### [The problem]
Copy all lines below that use the word "Image".

Source data
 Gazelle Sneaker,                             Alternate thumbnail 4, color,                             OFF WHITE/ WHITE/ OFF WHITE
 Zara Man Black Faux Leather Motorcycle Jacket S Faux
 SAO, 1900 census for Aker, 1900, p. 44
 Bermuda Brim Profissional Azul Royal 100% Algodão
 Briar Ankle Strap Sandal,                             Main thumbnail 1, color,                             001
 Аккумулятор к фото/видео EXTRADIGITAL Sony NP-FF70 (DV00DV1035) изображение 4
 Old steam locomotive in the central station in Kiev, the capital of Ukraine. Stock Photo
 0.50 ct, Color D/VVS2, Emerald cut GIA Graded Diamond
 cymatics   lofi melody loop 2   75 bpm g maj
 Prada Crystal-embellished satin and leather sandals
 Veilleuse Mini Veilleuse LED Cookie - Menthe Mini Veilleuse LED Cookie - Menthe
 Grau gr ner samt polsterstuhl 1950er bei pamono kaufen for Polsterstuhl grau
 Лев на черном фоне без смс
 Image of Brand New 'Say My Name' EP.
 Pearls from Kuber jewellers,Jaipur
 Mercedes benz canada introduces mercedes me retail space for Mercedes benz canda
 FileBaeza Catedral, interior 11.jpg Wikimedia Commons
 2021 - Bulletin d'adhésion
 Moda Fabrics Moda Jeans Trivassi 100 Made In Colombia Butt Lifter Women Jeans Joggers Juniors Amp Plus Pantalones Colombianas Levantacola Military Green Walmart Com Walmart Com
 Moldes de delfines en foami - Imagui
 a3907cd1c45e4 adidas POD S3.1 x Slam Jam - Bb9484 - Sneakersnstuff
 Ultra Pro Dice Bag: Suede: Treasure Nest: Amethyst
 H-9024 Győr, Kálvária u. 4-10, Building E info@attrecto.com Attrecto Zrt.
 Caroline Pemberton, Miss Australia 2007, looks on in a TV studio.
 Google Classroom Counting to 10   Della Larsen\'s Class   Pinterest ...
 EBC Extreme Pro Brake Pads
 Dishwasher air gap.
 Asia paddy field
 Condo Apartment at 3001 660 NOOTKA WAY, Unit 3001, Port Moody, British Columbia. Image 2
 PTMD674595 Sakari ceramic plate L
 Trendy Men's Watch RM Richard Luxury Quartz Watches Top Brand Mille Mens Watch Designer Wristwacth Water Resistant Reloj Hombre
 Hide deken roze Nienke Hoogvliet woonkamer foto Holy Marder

### [Response to the exercise]
 Image of Brand New 'Say My Name' EP.
 Condo Apartment at 3001 660 NOOTKA WAY, Unit 3001, Port Moody, British Columbia. Image 2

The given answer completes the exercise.